Closed brighteast closed 1 year ago
Hi, which dataset did you use? We did not face NaN values when using examples/train.py and the Vimeo-90k dataset. Note that the paper reports results for the full model, compressai's cheng2020-anchor does not include GMM / attention. Please refer to our result json files.
Sorry for late check. I used OpenImage dataset for experiments. But in the case of minnen's model like cheng's model, I face NaN values at high quality( e.g. quality 8, highest quliaty). But at low quality like quality 1, 2, I didn't face NaN values. Then Is dataset a problem? I checked the values at low qualities and I got same values with your result json files.
I solved the problem by strengthening more gradient clip value. Thank you :)

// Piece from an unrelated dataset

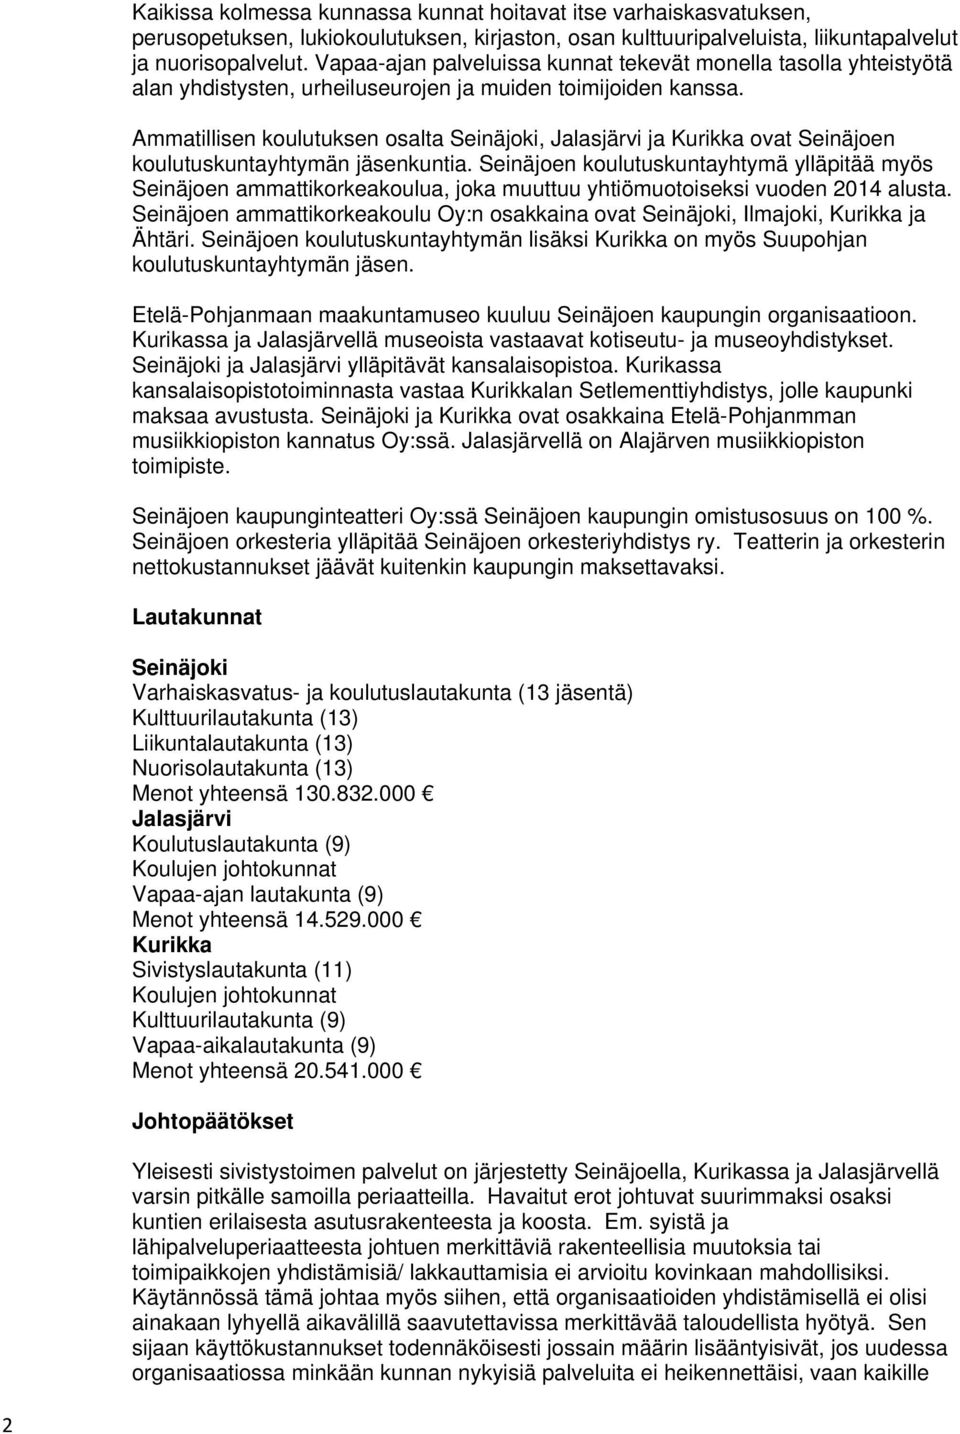 Ammatillisen koulutuksen osalta Seinäjoki, Jalasjärvi ja Kurikka ovat Seinäjoen koulutuskuntayhtymän jäsenkuntia.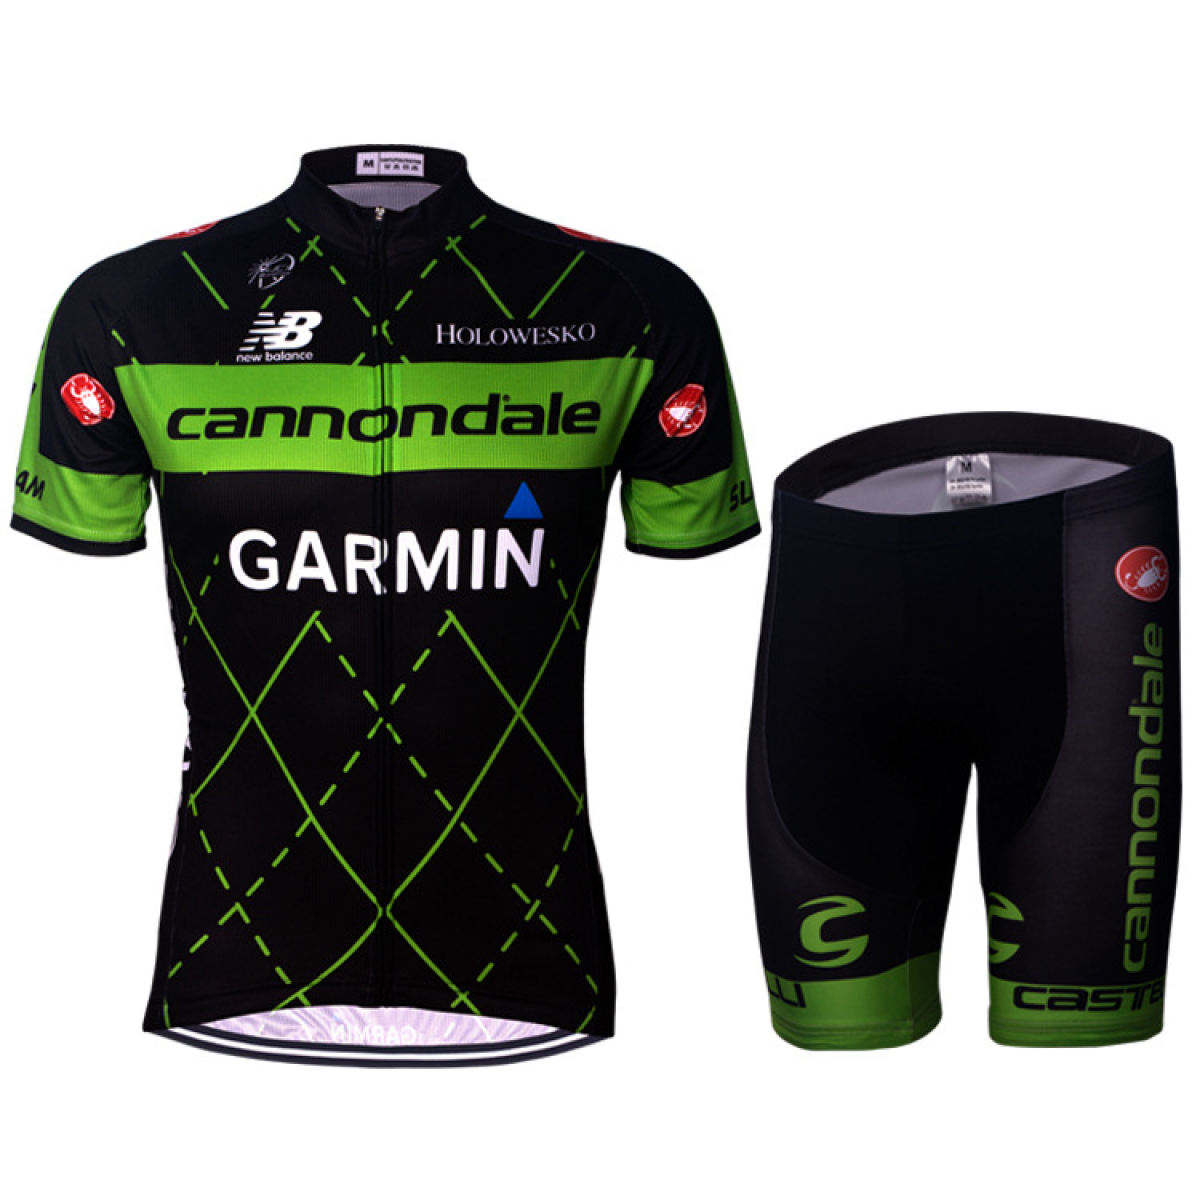 2020ชุดสั้นปั่นจักรยานลายทีม-ชุดปั่นจักรยาน（เสื้อผ้ากางเกง ） Cycling clothing เขียว

Just for reference, what value of clip_max_norm
worked for you?
I used '0.1' and it worked.
I feel really thankful for your work! I have some questions about training methods. I trained Cheng-anchor in a way the paper said. I trained 50 epochs(about 2m steps, lambda quality = 1) and apply scheduler. After 200 epochs, I test the model. But PSNR was 27.999 which is lower than the paper's reports. So first I tried to train model for 100 epochs( in that case, lambda quality = 3), but during about 60 epochs it results in nan value. I think it was diverged. So could you tell me how to train cheng's model?